Warum kaufst du?

EMS-Mediamarketing

Stell dir selbst einmal die Frage: Was war deine letzte große Anschaffung? Also so etwas in der Art, wie ein Smartphone, eine Uhr, ein Tablet, einen Fernseher, einen tollen Urlaub oder so etwas.

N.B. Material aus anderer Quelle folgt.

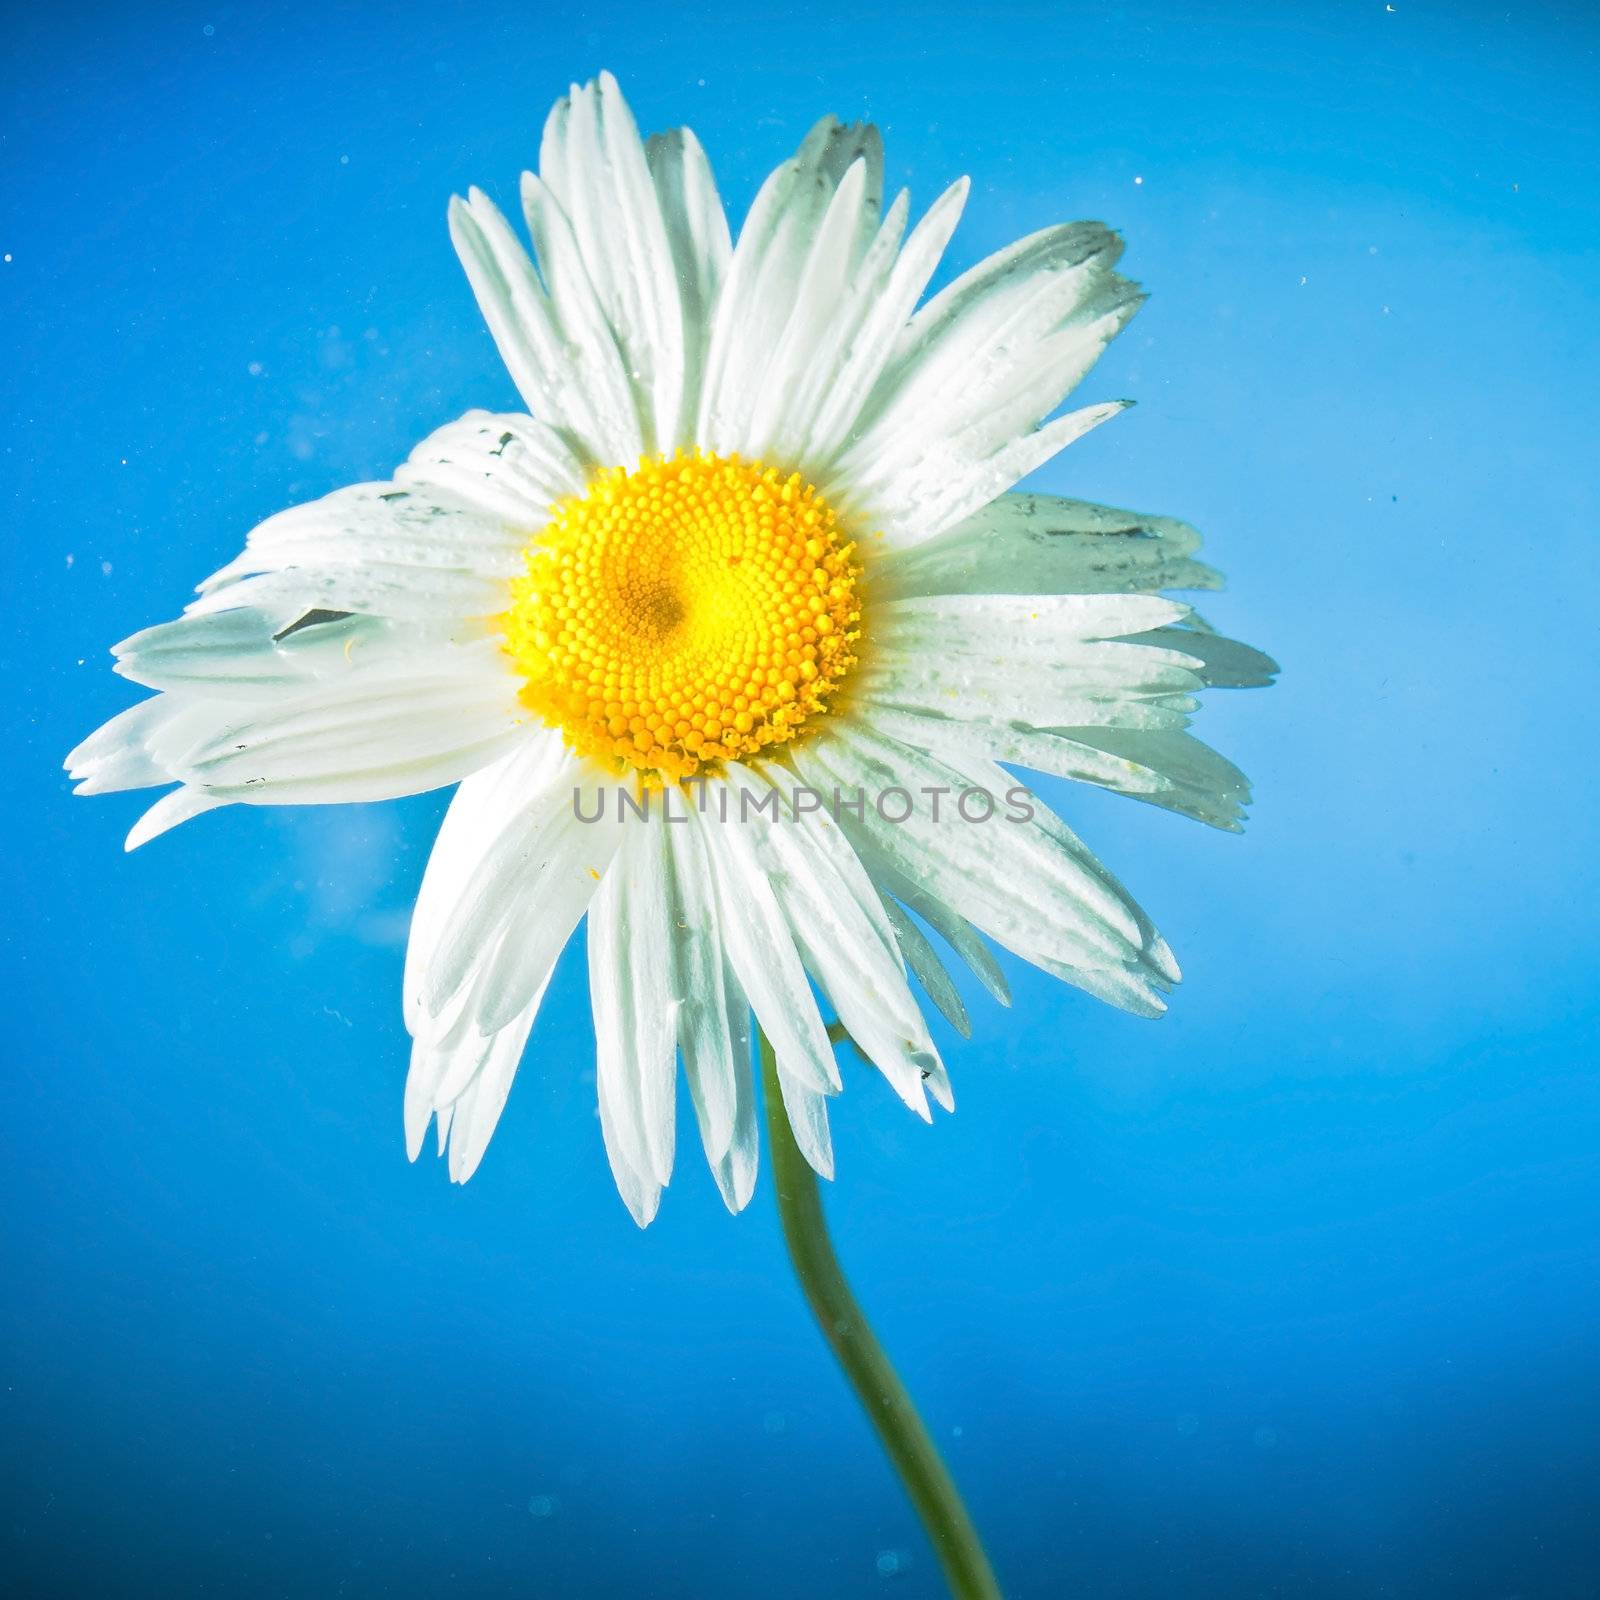 camomile on blue background  by shebeko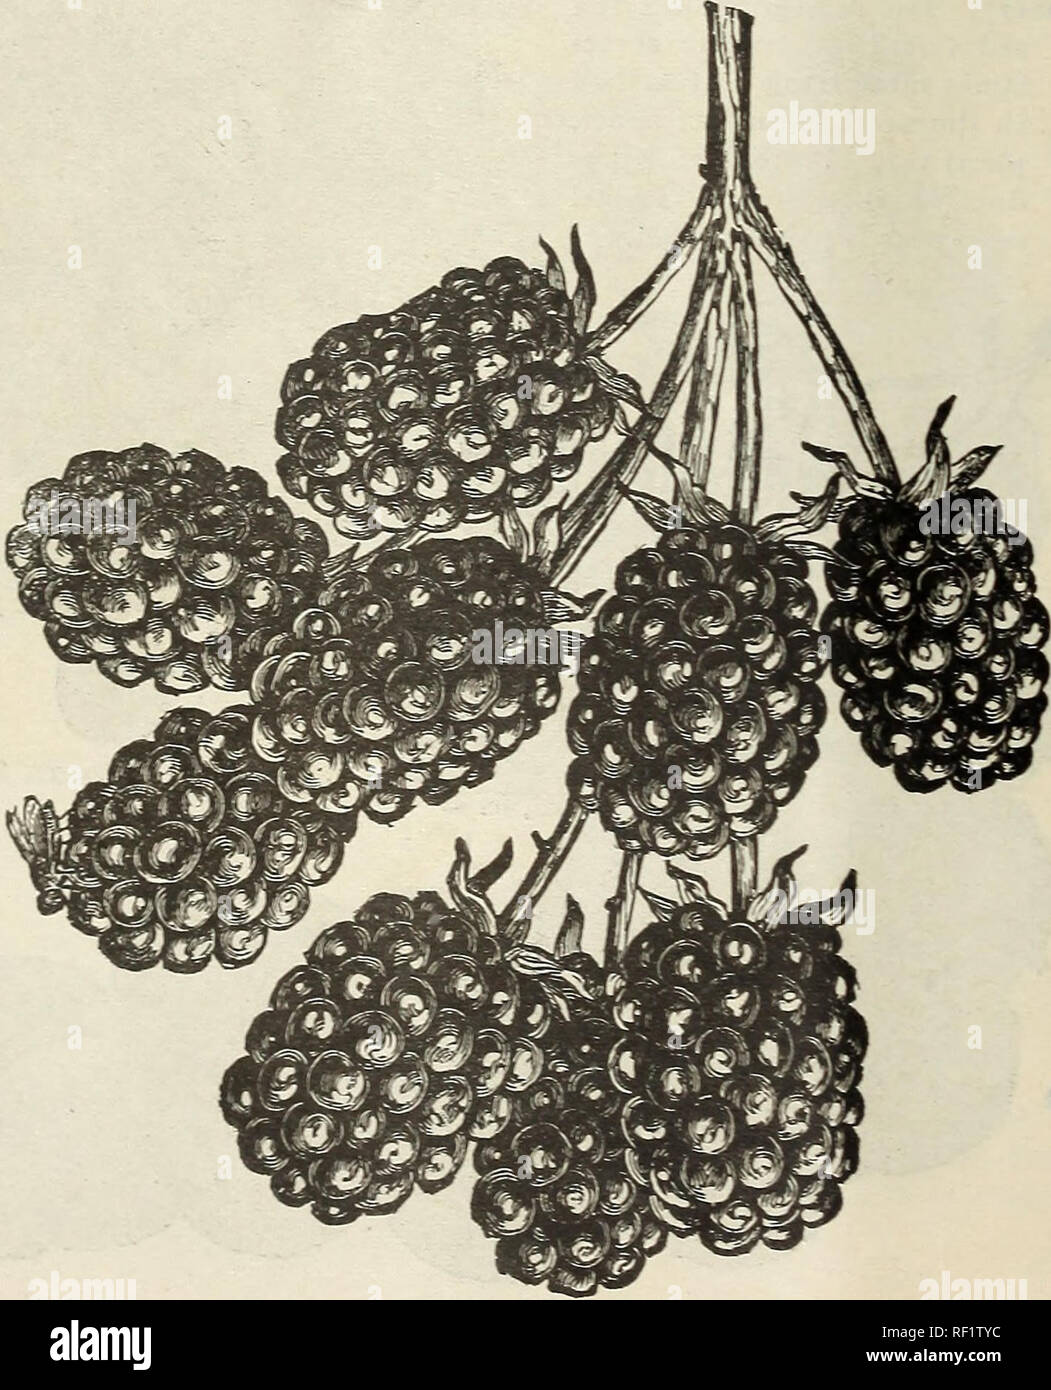 . Catalogue of fruit and ornamental trees : grape vines, small fruits, shrubs, plants, roses, etc.. Nurseries (Horticulture) Indiana Vincennes Catalogs; Fruit trees Seedlings Catalogs; Fruit Catalogs; Plants, Ornamental Catalogs. Â«0 ILLrSTRATED .IXD DESCRIPTIVE CATAIOGUE *f randall. A native black seedling- of the Western Wild Currant, and much superior to any of the named varieties yet introduced; distinct from the European black varieties and without their strong: odor; wonderfully productive, a strong-, vigorous grower, usually producing a crop next year after planting, large size, )4 to i Stock Photo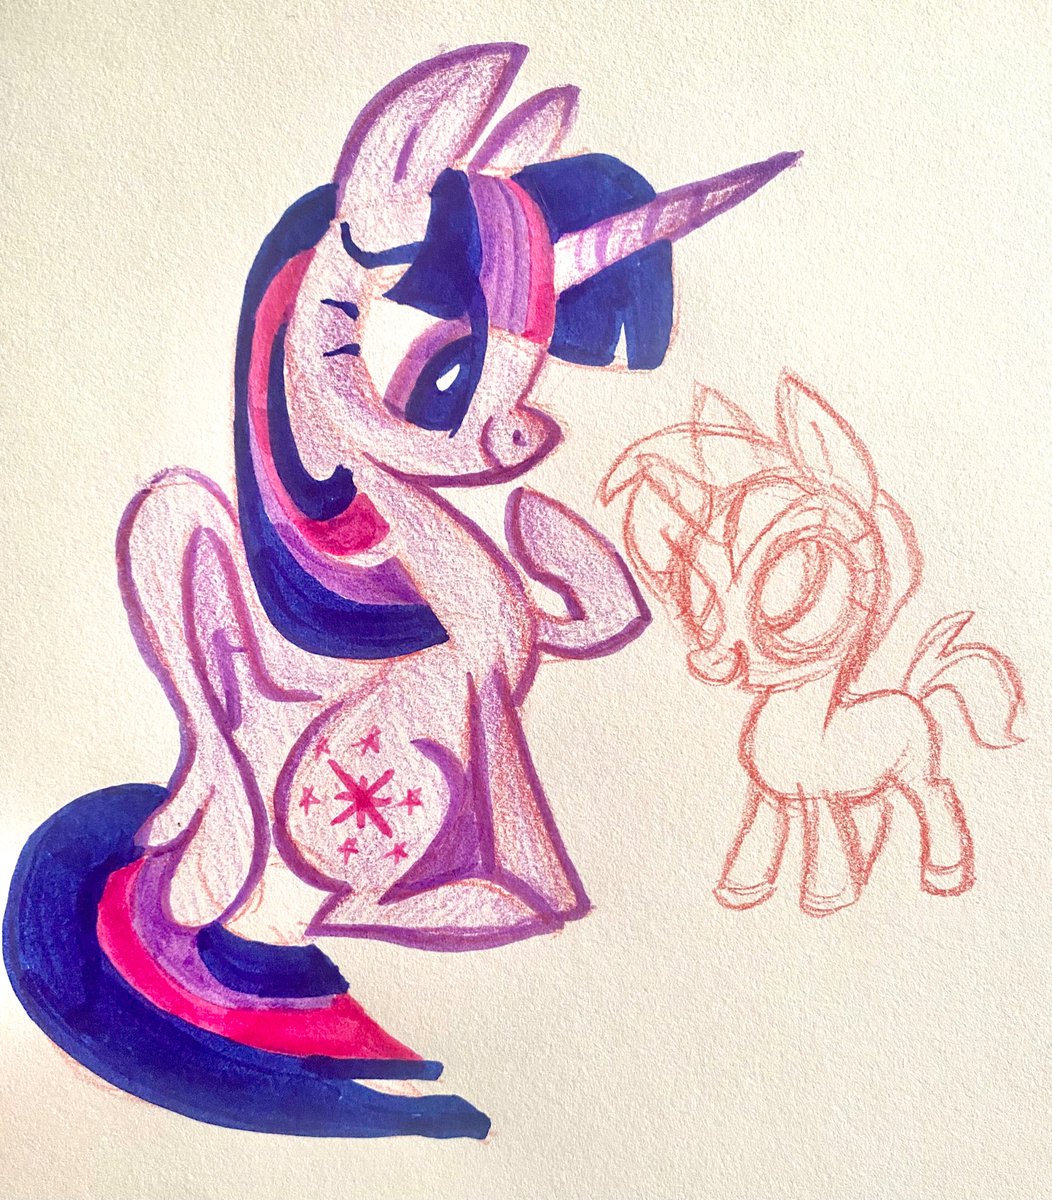 「More marker and pencil ponies cause colo」|Jane Walker 🎉のイラスト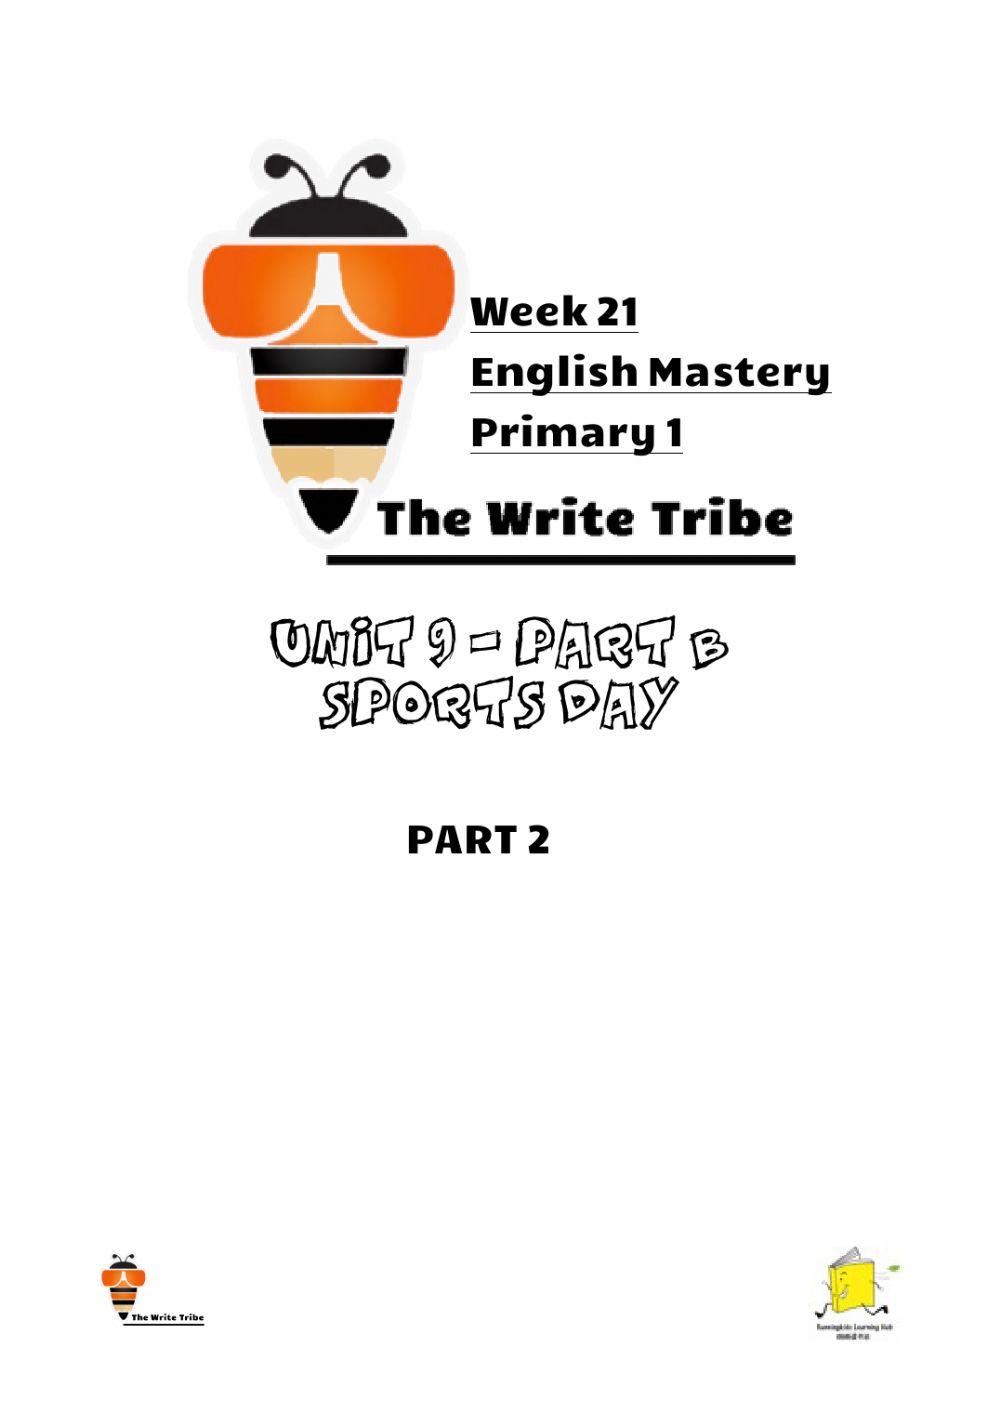 Week 21 e-learning p1 part 2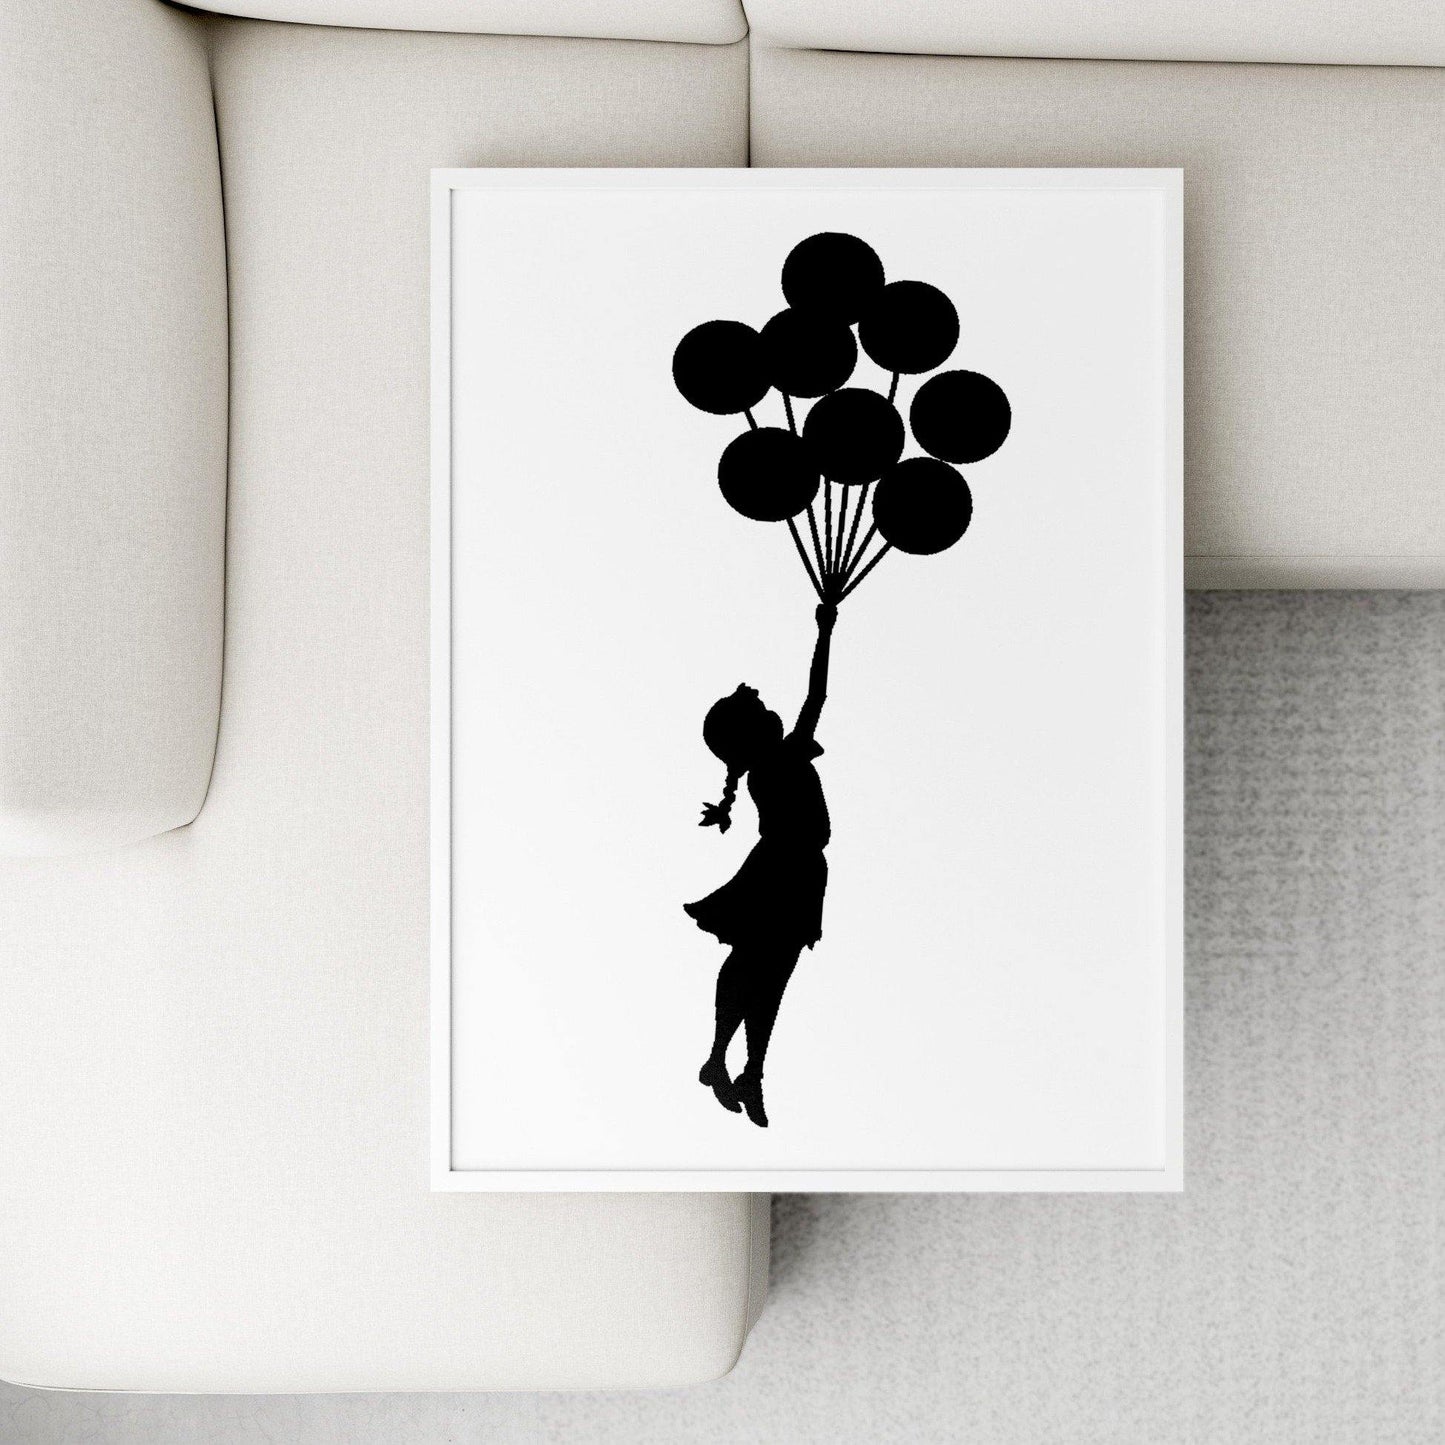 A beloved street artist comes to life in this limited edition Banksy print. Banksy is one of the most famous street artists in the world, and this piece is a perfect embodiment of his work. A young girl triumphantly holds onto a bunch of balloons, as if escaping from the everyday. Perfect for the art lover in your life, this print is a must-have for any Banksy fan. Hang it up in your home and enjoy looking at it every day.

Und nun beantworte bitte ehrlich die Frage, warum du es dir gekauft hast. Nein im Ernst und ganz ehrlich! Warum hast du das gekauft?
Weil es dringend notwendig war? Um ein defektes Vorgängerteil unbedingt zu ersetzen, oder aus einem anderen sachlichen Grund?

Ich wette, dass du bei den meisten dieser Anschaffungen sagen kannst, dass es eher eine Bauch-, als eine Kopfeintscheidung war.

Kopfentscheidungen kaufen eher solche Dinge wie Versicherungen. Dafür brauchen wir keinen Bauch. Das sind rein notwendige Entscheidungen.

Du wirst jeden Tag ausgetrickst

Aber auch die kleinen Dinge des täglichen Lebens kaufen wir oft, weil unser Gefühl es uns sagt. Brot und Brötchen sind hier sehr gute Beispiele.

Denkst du wirklich, dass es technisch nicht möglich wäre, dass der Geruch von frisch Gebackenem nicht in den Verkaufsraum eines Supermarktes zieht?

Oder, dass es aus Platzgründen unmöglich wäre, dass der Backautomat nicht im Lager stehen könnte, anstatt mitten im Laden?

Der Trick ist so einfach, wie genial! Die Supermärkte nutzen dabei gleich zwei unserer Sinne, um eine Kaufentscheidung aus dem Bauch zu treffen: Das Riechen und das Sehen.
Bauch an Gehirn: “Nimm das mit! Das will ich!”. Gehirn an Bauch: “Okay!”.
Zack, landet es im Korb. Piep, bezahlt. Plan erfolgreich.

Lasse deine Kunden kosten

Zugegeben, im Online-Marketing hast du es etwas schwieriger, als der Käseverkäufer auf dem Markt. Der weiß, dass er mit seiner Kostprobe sogar noch den Geschmackssinn der Kunden erreicht und damit den potentiellen Käufer nahezu wachsweich in der Hand hat. Der Kilopreis des Käses wird dann schnell zur Nebensache.

Und du kannst das auch! Versuche deinen Kunden bei deinem Content-Marketing auch immer wieder deine Produkte zu zeigen.
Nicht als Werbung! Sondern, um ihren Sehsinn anzusprechen. Fühlen, riechen, hören und schmecken scheiden erst einmal aus, wenn du ein Bild bei Instagram postest.

Aber glaube mir, das Gehirn setzt automatisch die Dinge zusammen.
Wir hören Knistern, wenn wir ein Feuer sehen. Wir riechen Holz, wenn wir jemanden sägen sehen, usw.


Und wer das nicht glaubt, der soll sich bitte jetzt auch nicht vorstellen, dass ich gerade eine schöne gelbe Zitrone mit einem Messer zerteile und ich – während der Saft in Tropfen auf meine Hand träufelt – herzhaft in die Zitrone hineinbeiße und sie genieße…

Nutze die Sinne mit Bildern

Eines der absoluten Erfolgsgeheimnisse von Instagram ist die Tatsache, dass wir Menschen in Bildern denken. Immer. Wir sprechen in Bildern, wir fühlen in Bildern, ja wir träumen sogar in Bildern.
Bilder verwurzeln sich in unserem Gehirn um ein Vielfaches stärker, als Gesagtes oder Geschriebenes.

Und wie heißt es so schön: Ein Bild sagt mehr als tausend Worte!